次に、自転車乗車用ヘルメット着用率に関する認識についてお答えを申し上げます。過去五年間に県内で発生した交通事故では自転車乗車用ヘルメットを着用していなかった場合の致死率が着用していた場合の約四倍に上るなど、命を守るためにはヘルメットの着用が極めて重要であります。
本年七月に実施されました全国のヘルメット着用実態調査では福岡市内四か所の着用率が八・〇%で全国平均の一三・五%を大きく下回り、全国では三十位と極めて低調でありました。
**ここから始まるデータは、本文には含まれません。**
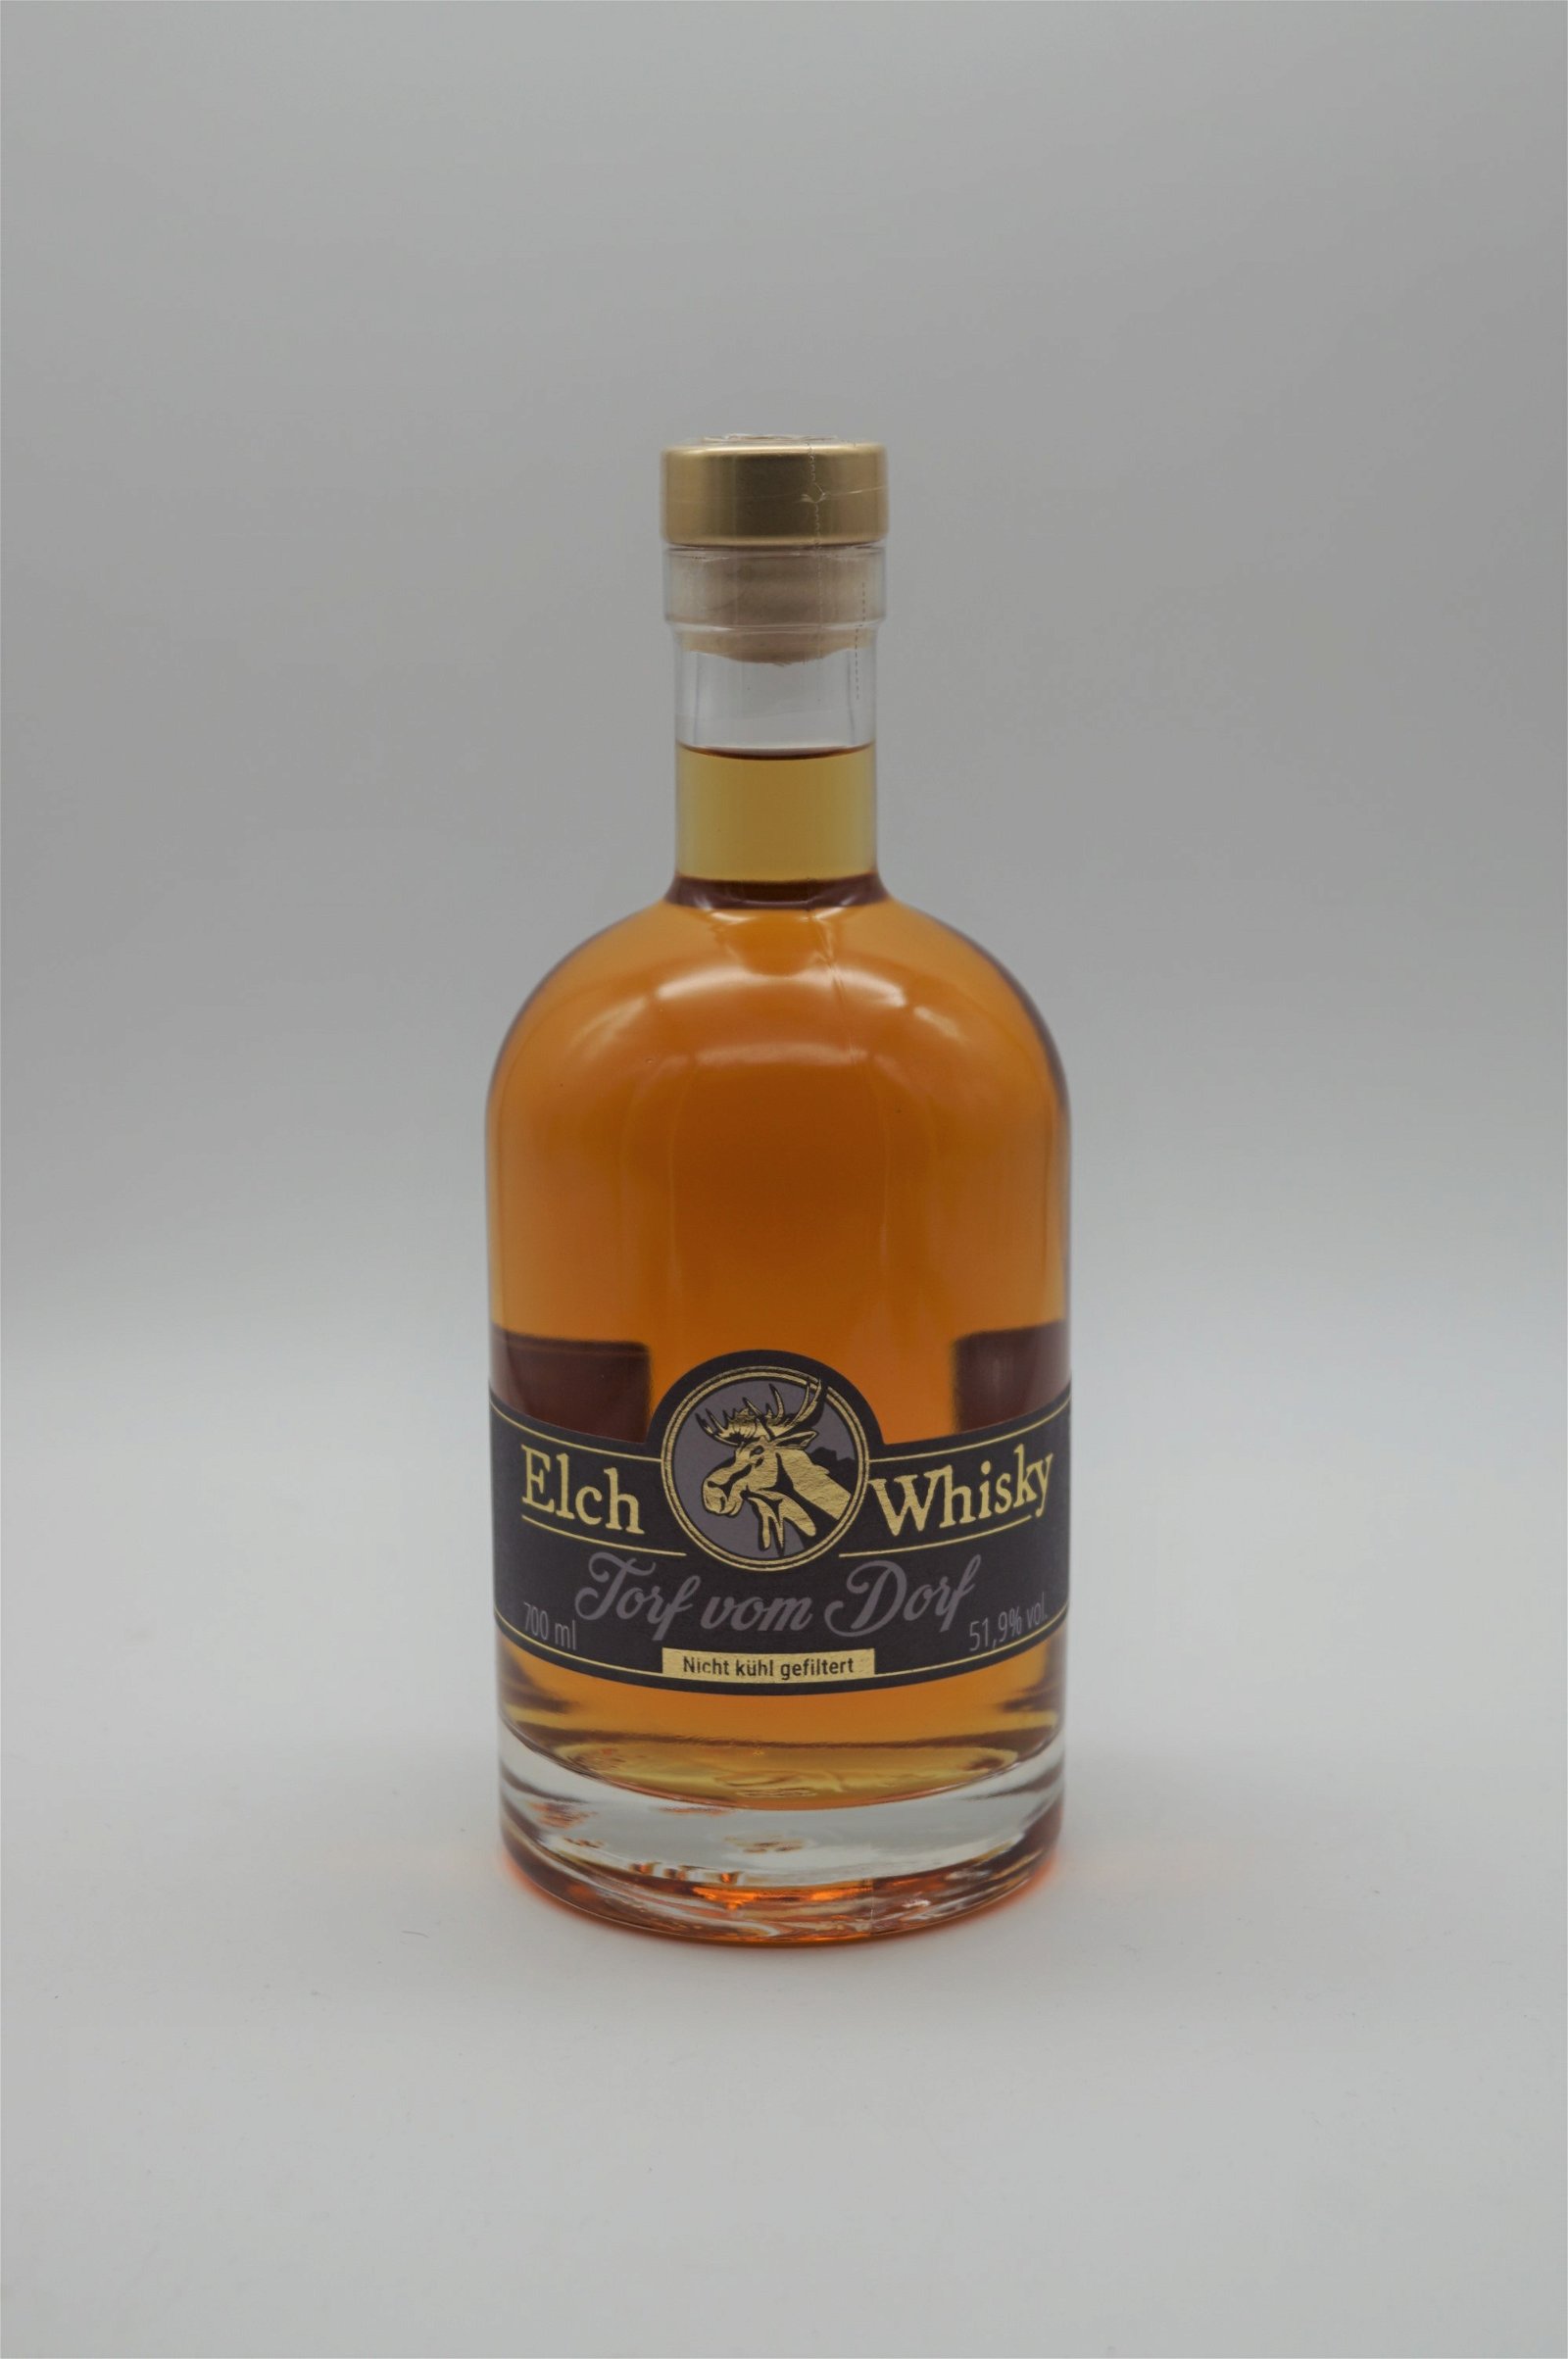 Elch Whisky Torf vom Dorf (Auflage 5)

また、県警察独自で調査した県内三十七か所での着用率は一〇・〇%でありまして、これを年代別で見ますと高校生の着用率が三・五%と最も低くなっております。したがいまして、高校生を中心としたヘルメットの着用促進は喫緊の課題であると認識しているところであります。
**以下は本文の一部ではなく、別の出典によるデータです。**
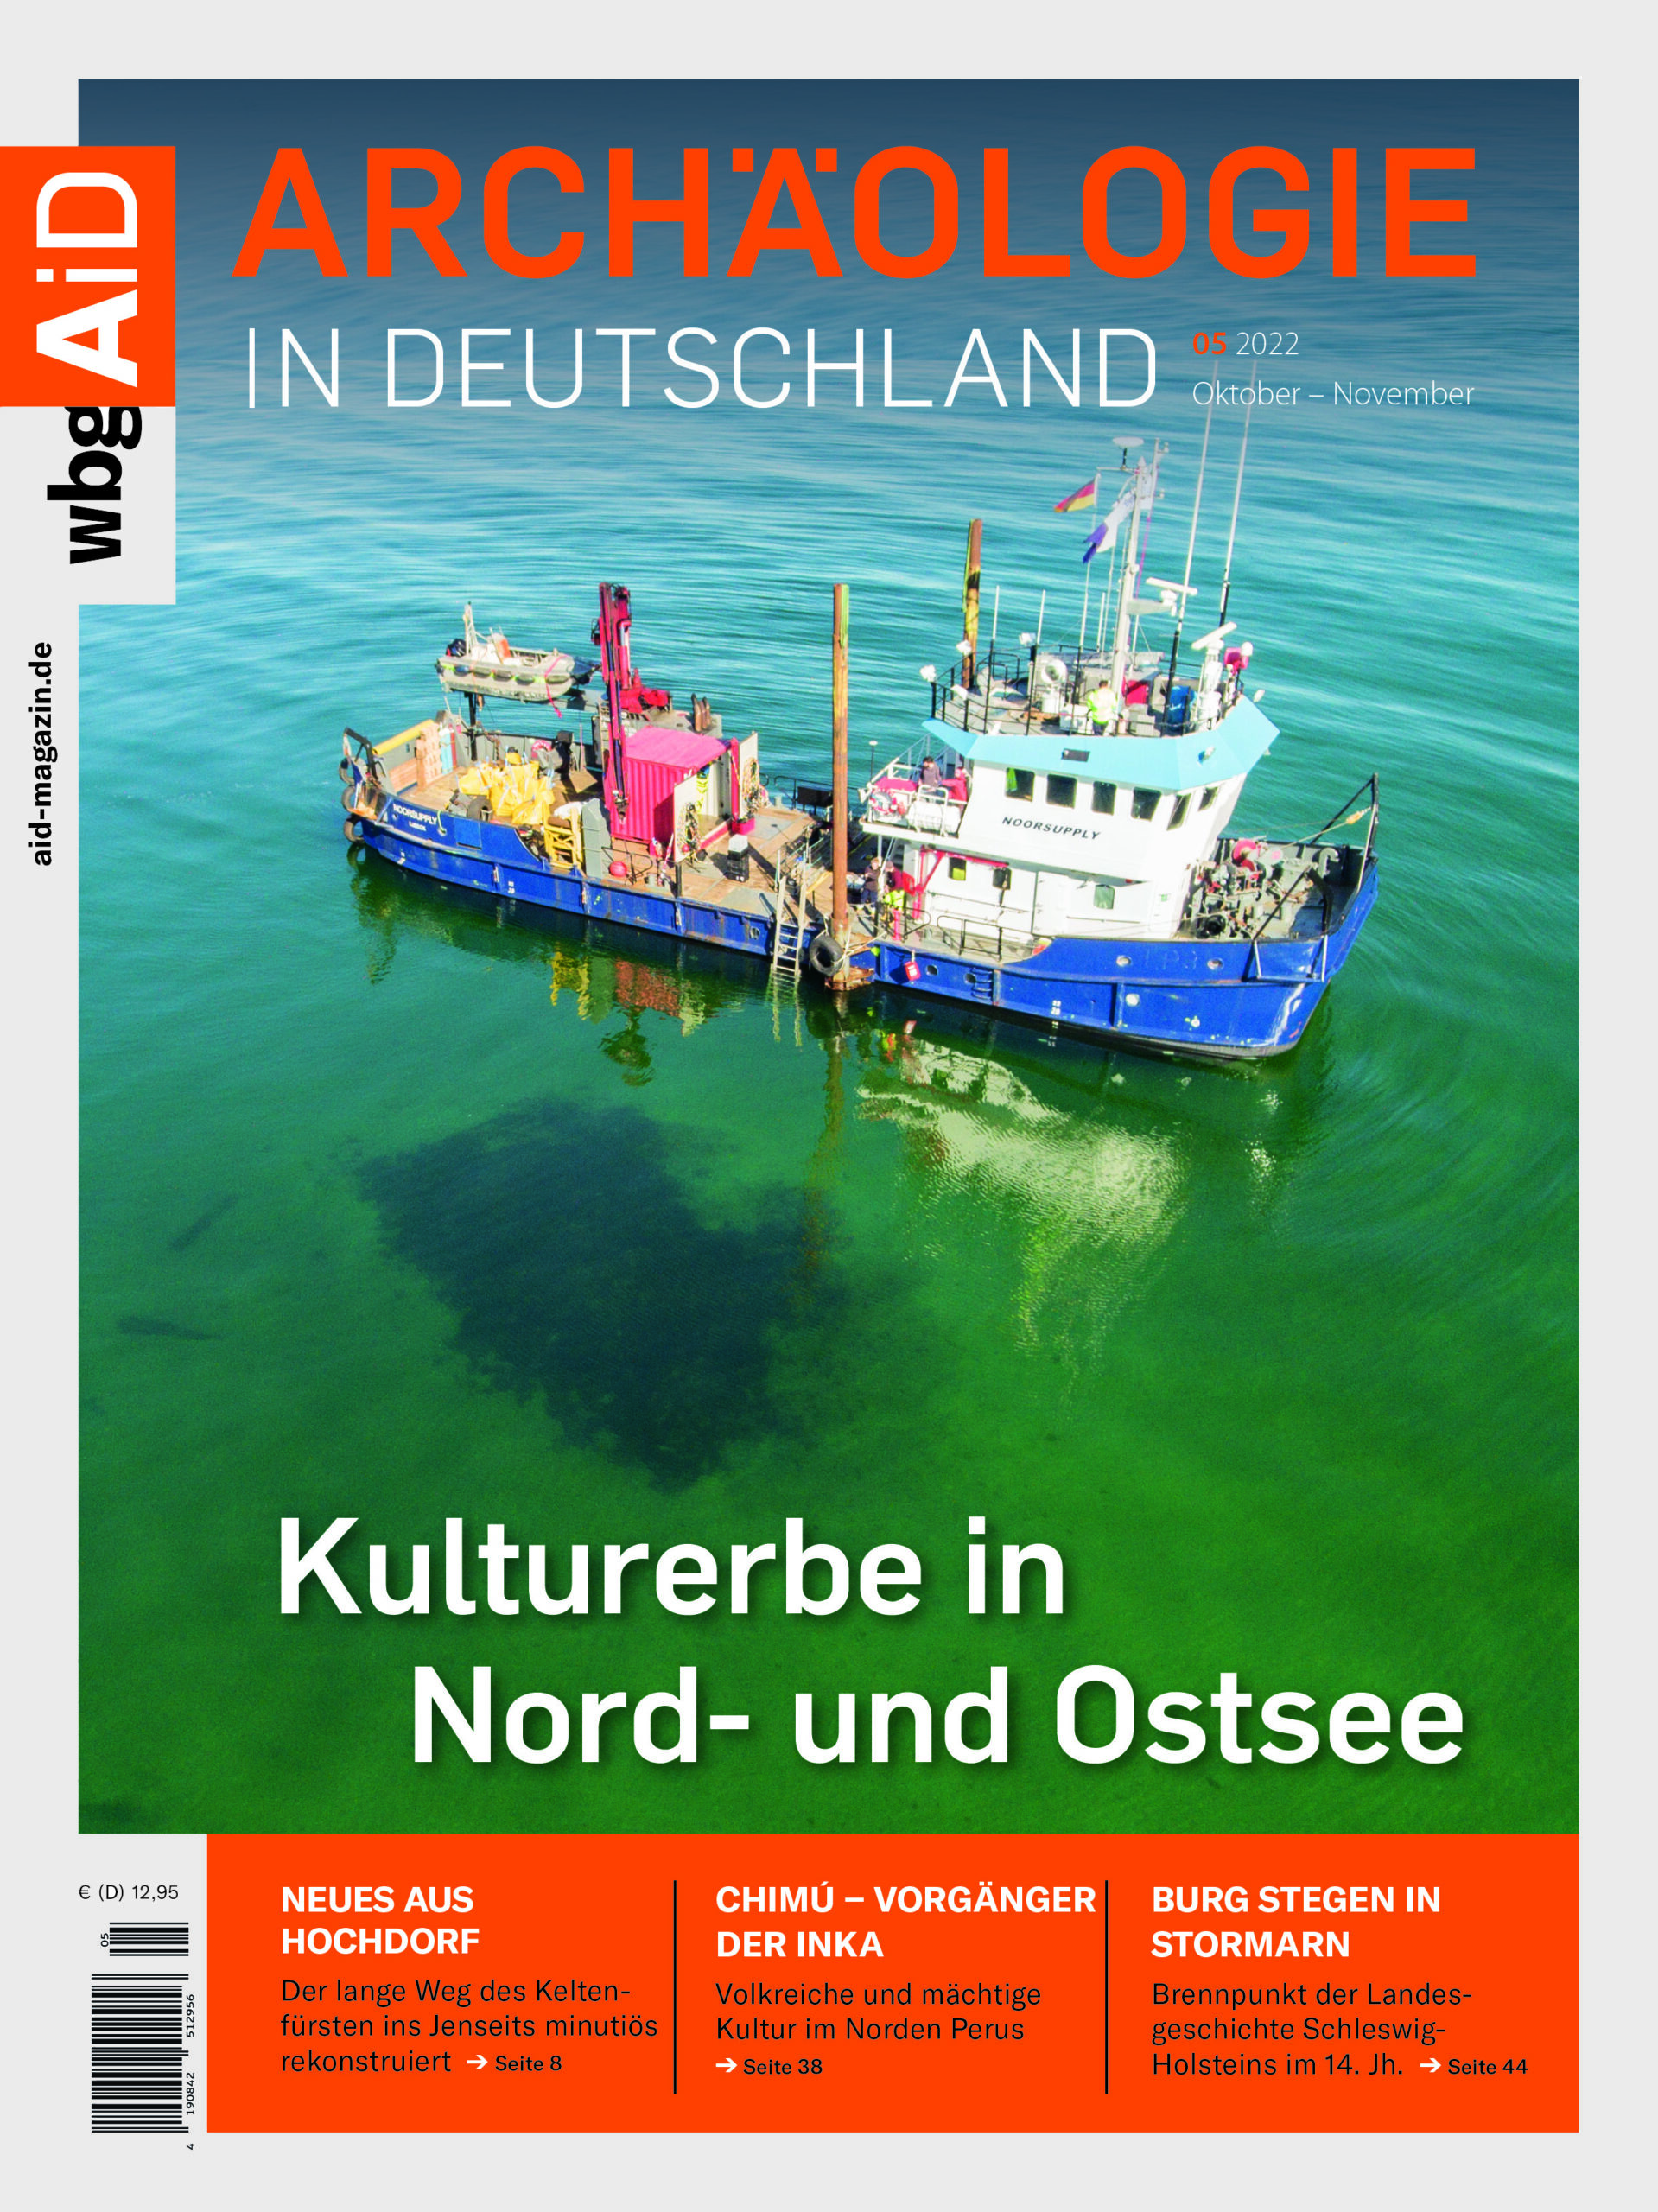 »Kulturerbe in Nord- und Ostsee« – Archäologie in Deutschland 5/22

次に、自転車乗車用ヘルメットの着用率向上に向けた取組についてお答えをいたします。本年四月から高等学校を対象に生徒の自転車乗車用ヘルメットの着用促進に向けた積極的な取組を働きかけ、十一月末現在、その賛同を得た二十九校を自転車ヘルメット着用推進モデル校に指定し、学校における交通安全教室、生徒と協働した交通安全キャンペーン等を実施しております。さらにモデル校を含めた県内の高校生を対象にヘルメット着用促進をテーマとした動画やポスターのコンクールを実施しております。また、本年九月からは県内各事業所にも働きかけを行い、十一月末現在、八十事業所を自転車ヘルメット着用推進宣言事業所に指定しております。今後もモデル校や宣言事業所の拡充のほか、各種広報媒体を通じた啓発活動を進めるなど、県や県
教育委員会とも連携しながら自転車乗車用ヘルメットの着用促進に努めてまいりたいと考えております。
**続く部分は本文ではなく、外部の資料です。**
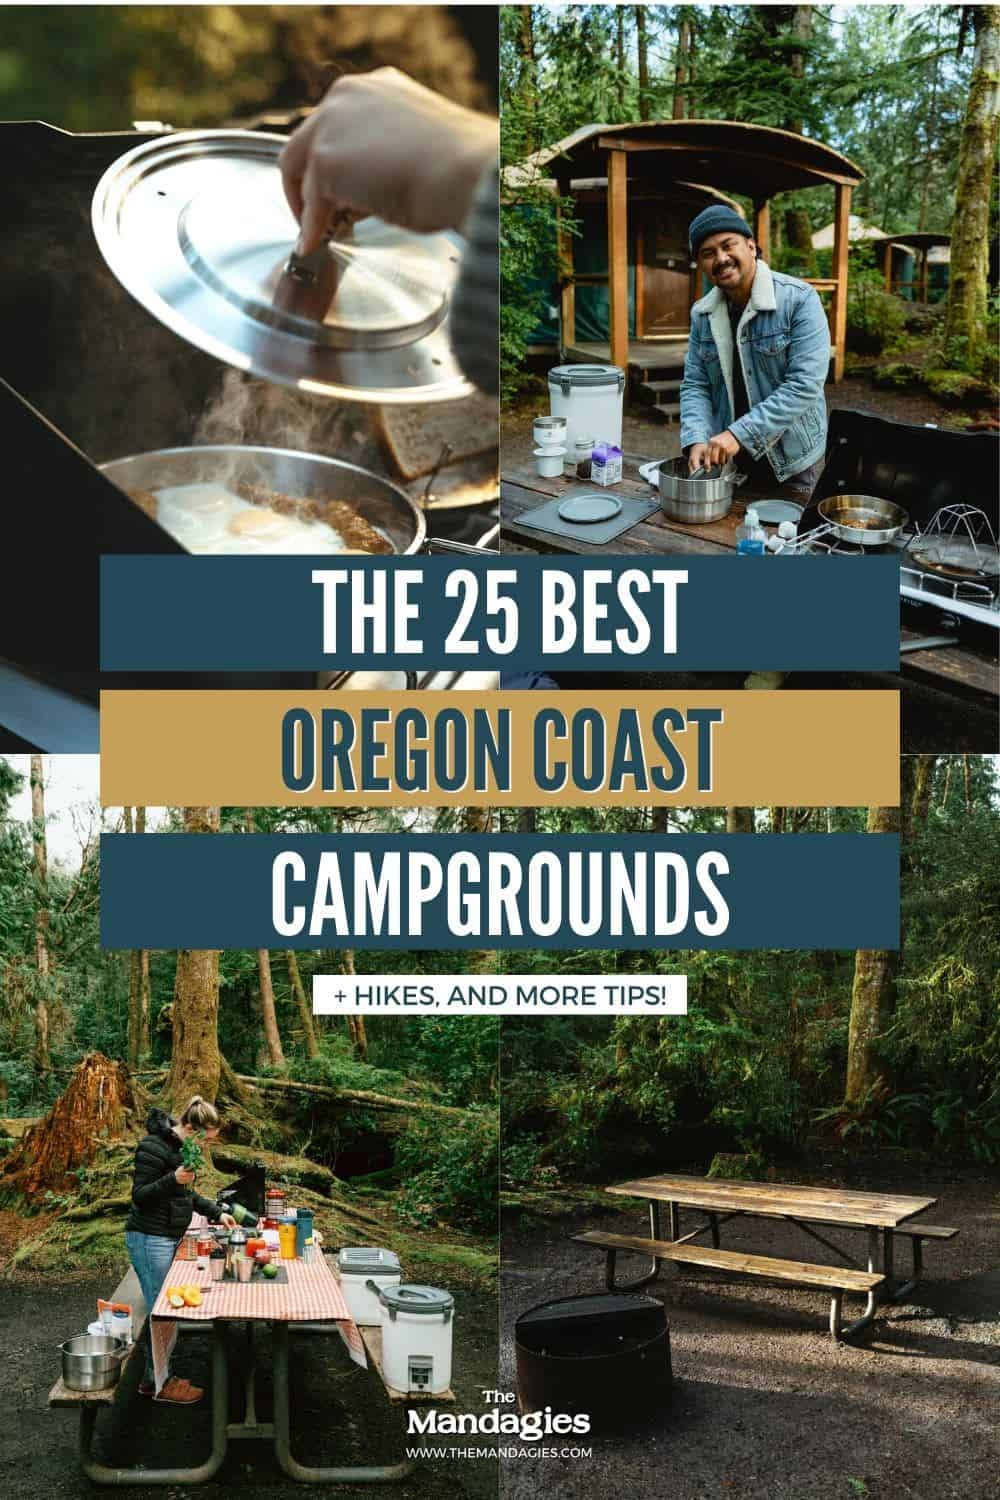 Oregon Coast Campgrounds Pin 2 - TheMandagies.com

次に、自転車の違反に対する取締りの状況についてお答えいたします。過去五年間における自転車に対する取締り件数は、平成三十年には四百四十一件でありましたが、昨年の令和四年には二百三十二件と減少し、警告件数については平成三十年には約三万件であり、令和四年には約四万二千件に増加しております。なお、本年十月末現在における取締り件数は二百七十件、前年同期比プラス七十六件、警告件数は約二万九千件、前年同期比マイナス約七千件となっております。
最後に、自転車運転に関する啓発活動と事故の抑止に向けた今後の取組についてお答えをいたします。現在、自転車事故が多発している地区や路線を自転車指導啓発重点地区・路線に指定し、交通指導取締りと連動した啓発活動を重点的に実施しております。具体的には、学校や駅周辺における街頭活動のほか、ボランティアや自治体等と協働して啓発物を配布するなどの取組を行っております。また、学校や企業等に対する参加体験実践型の交通安全教室を通じた自転車の安全利用も促進しているところであります。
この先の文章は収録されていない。